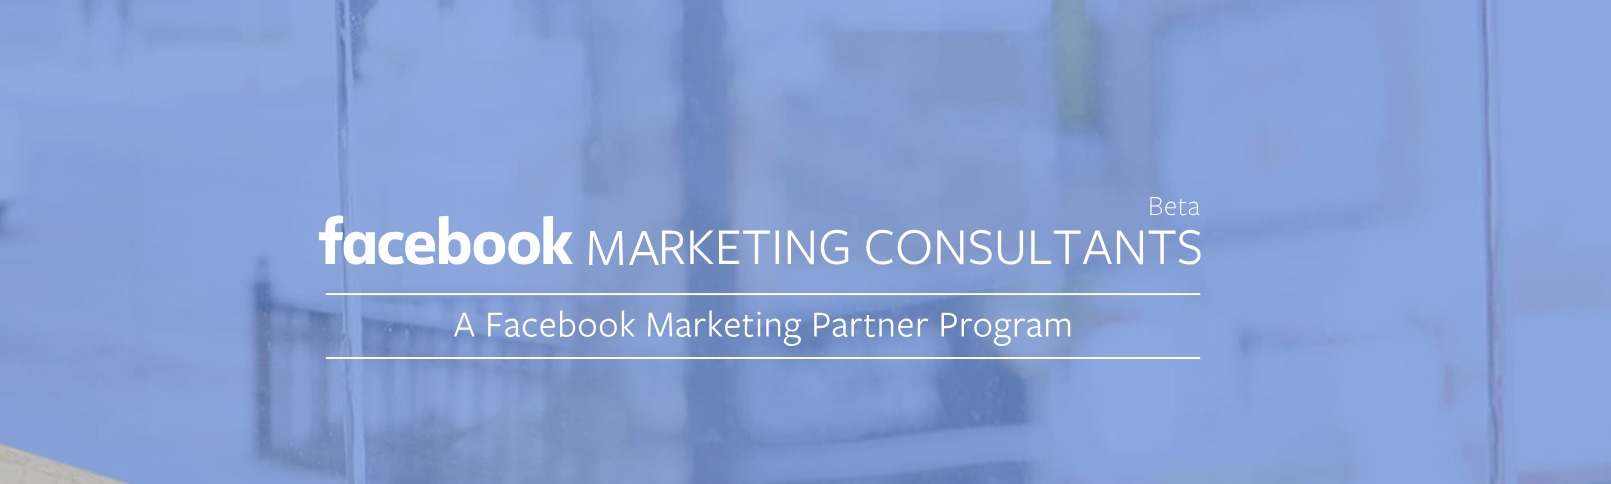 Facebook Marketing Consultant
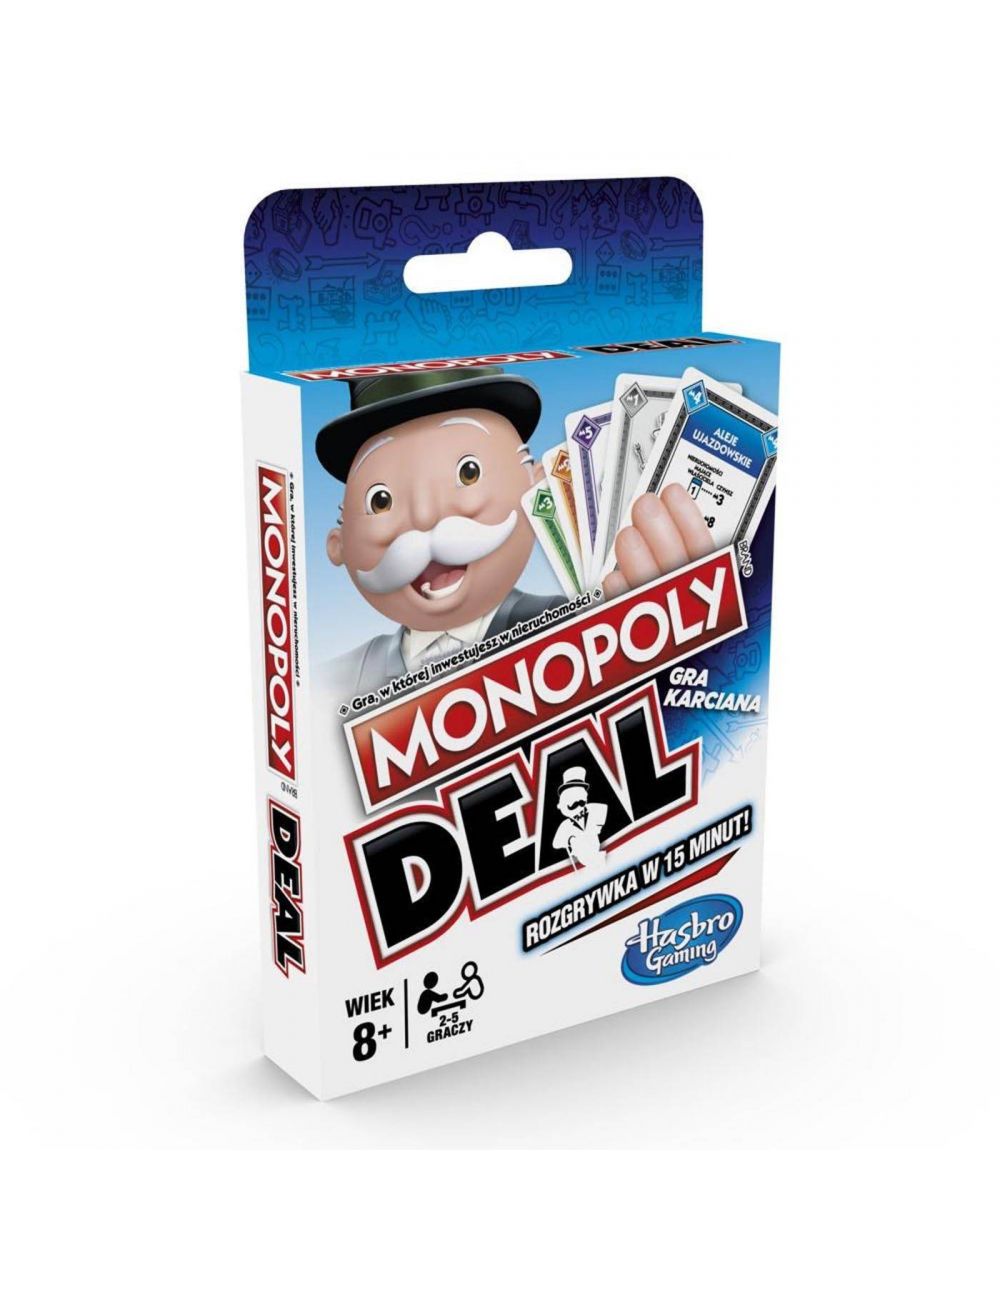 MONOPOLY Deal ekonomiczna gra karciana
* * * *
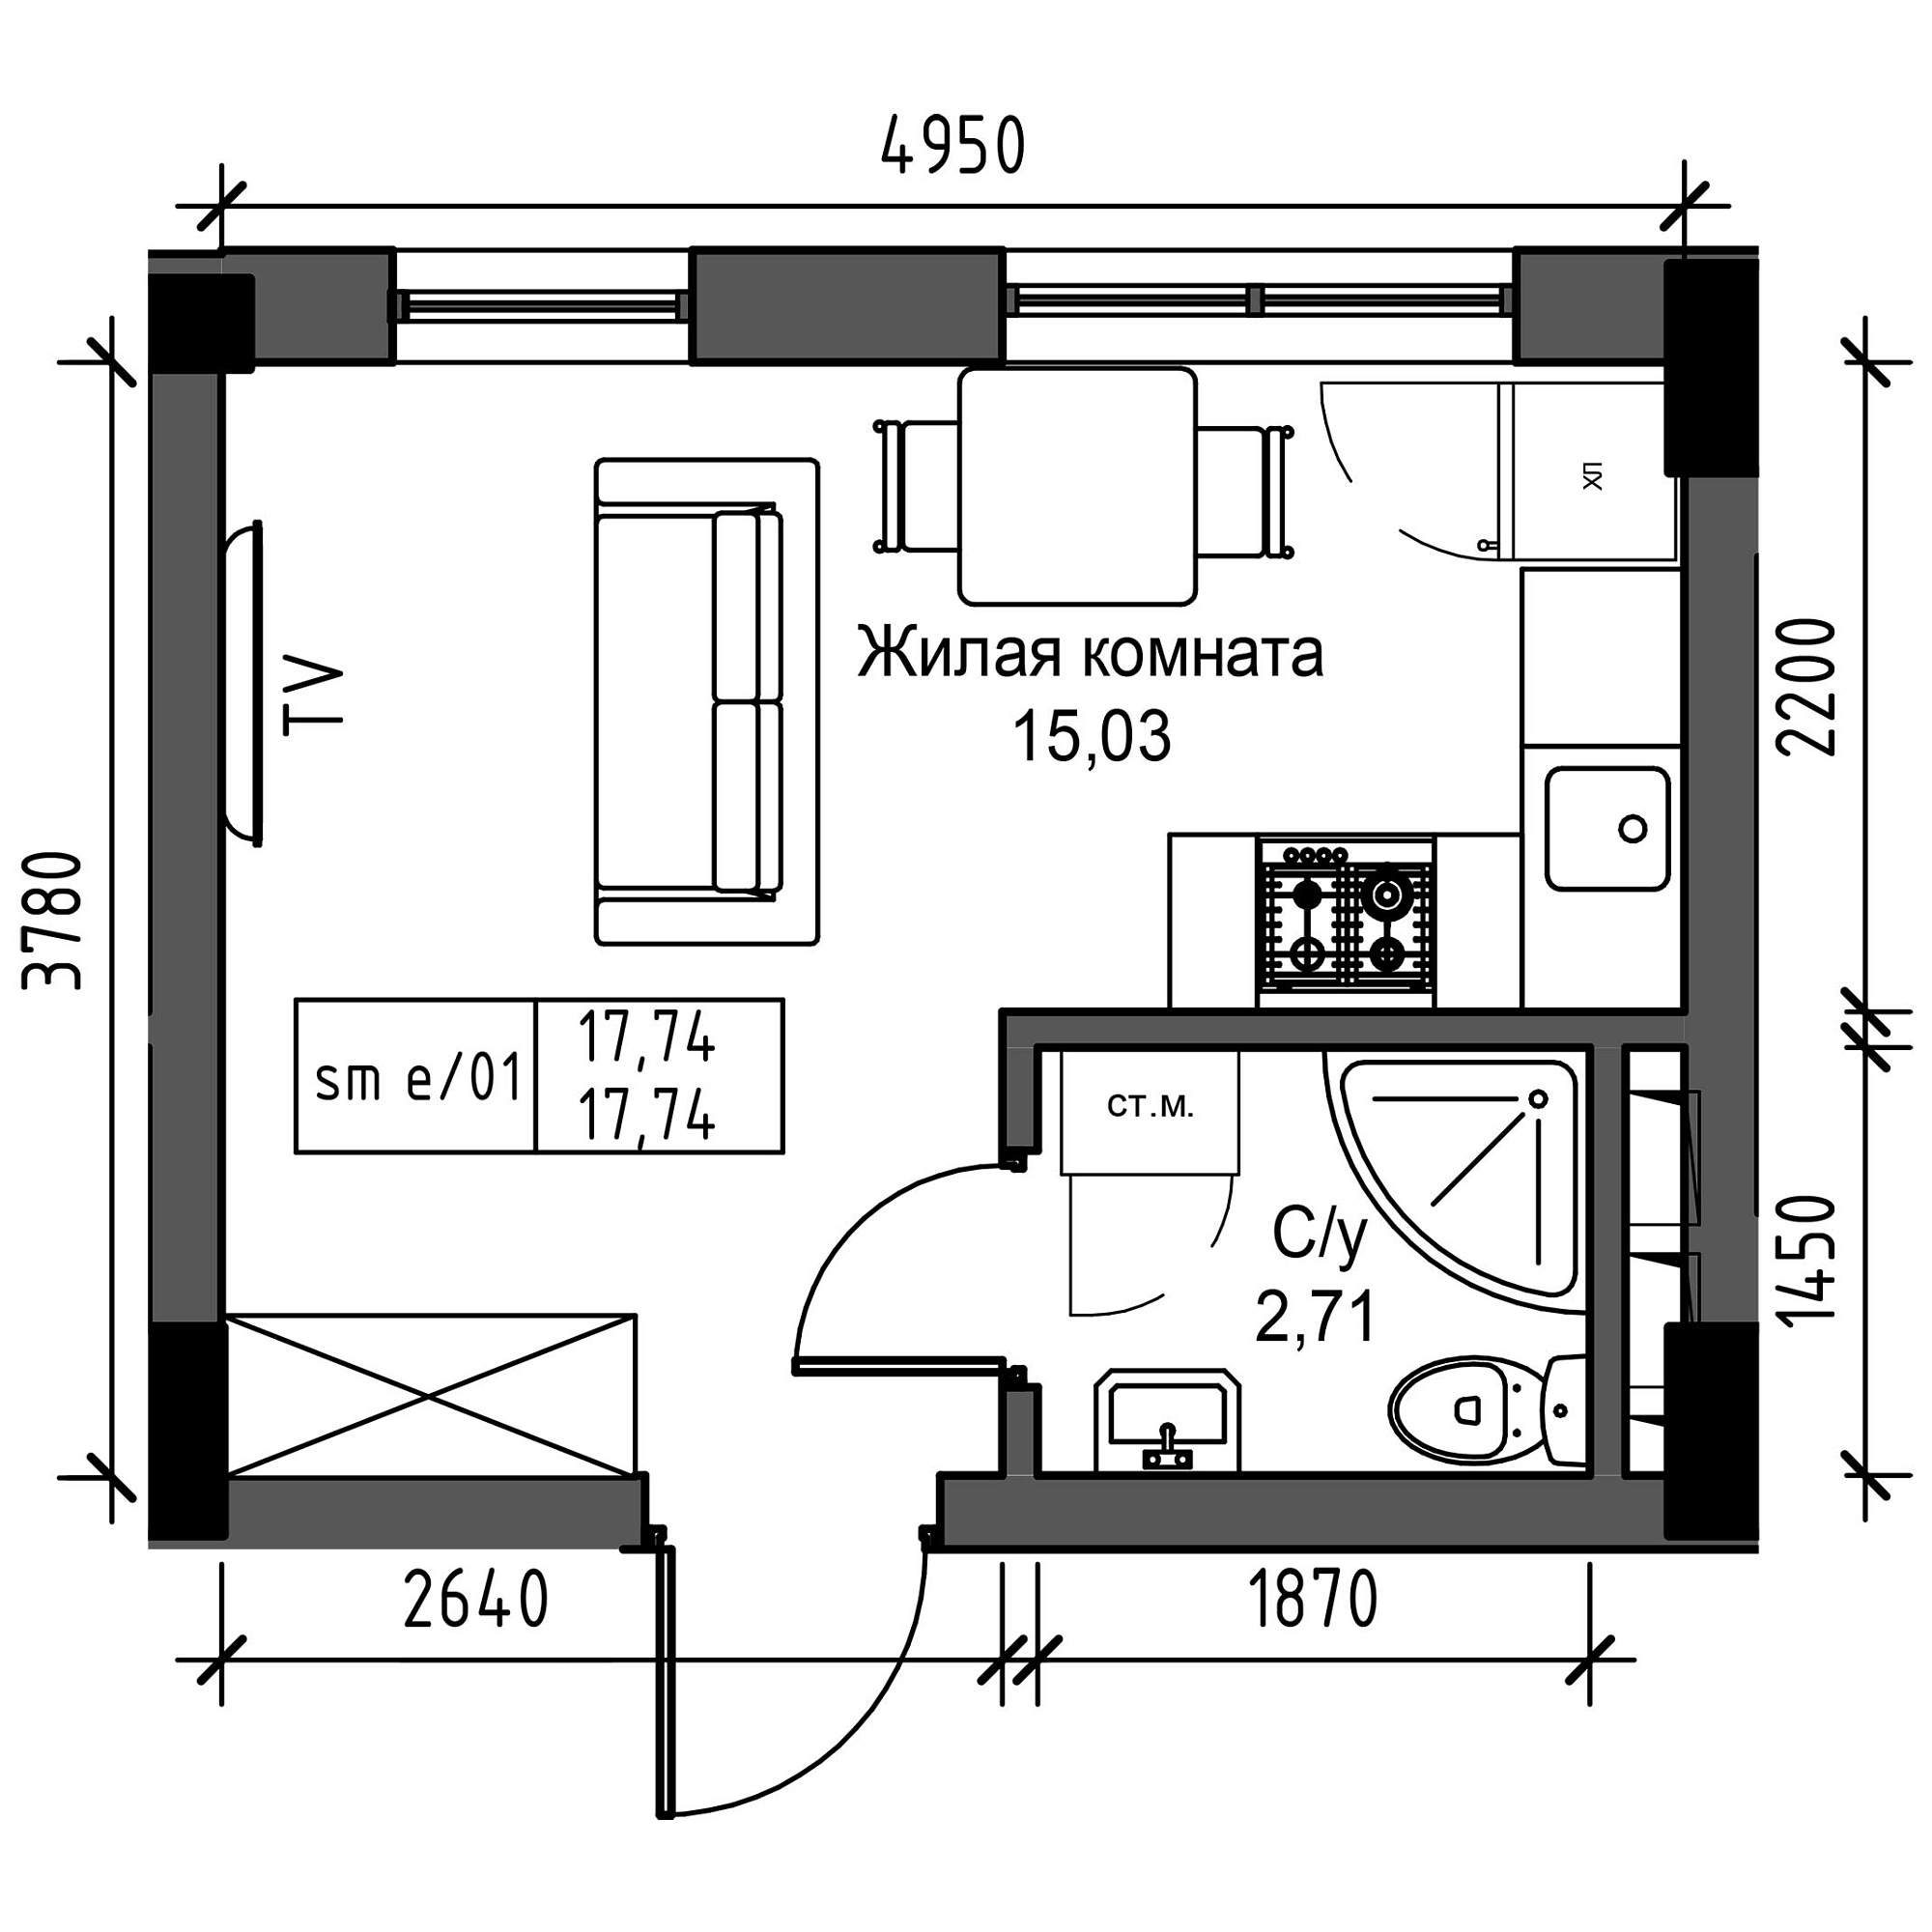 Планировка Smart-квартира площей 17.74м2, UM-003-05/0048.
* * * *
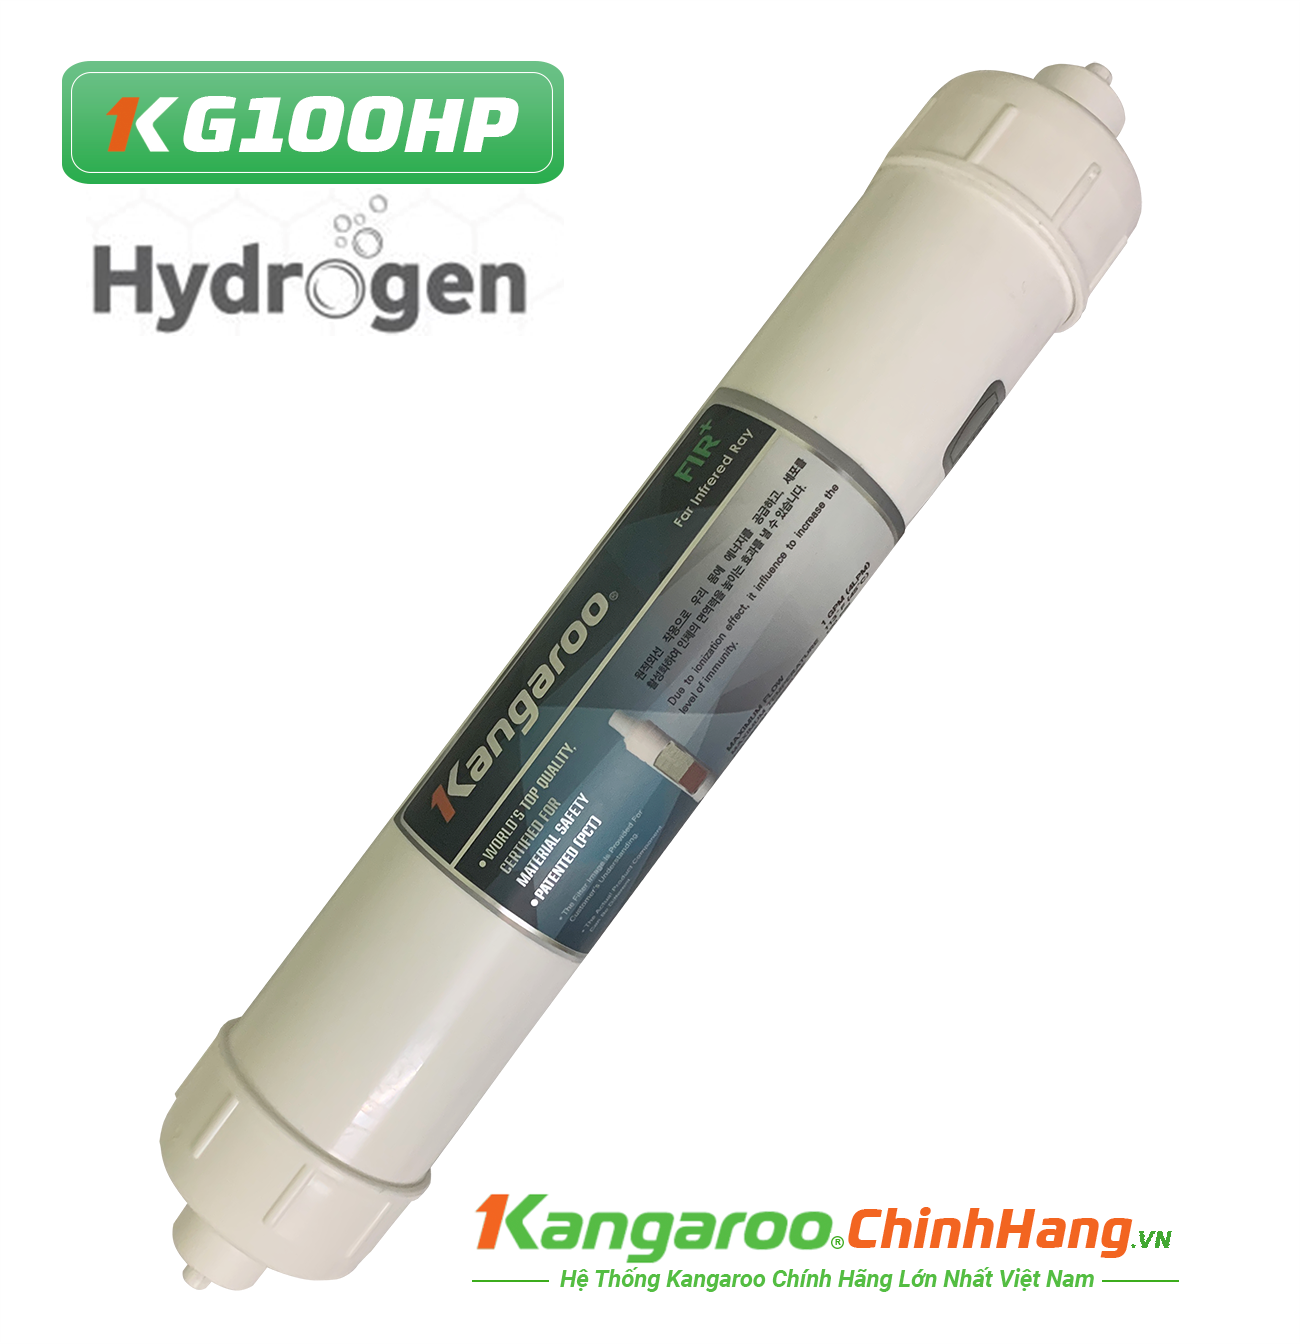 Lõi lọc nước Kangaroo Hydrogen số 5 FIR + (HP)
* * * *
- **WHAT THE TASK REQUIRES**: Starting with the line above that holds "Facebook Marketing Consultant", restate each line word for word up to and including the line that holds "MONOPOLY Deal ekonomiczna gra karciana". Drop the pictures.

- **EXERCISE OUTPUT**:
 Facebook Marketing Consultant
 MONOPOLY Deal ekonomiczna gra karciana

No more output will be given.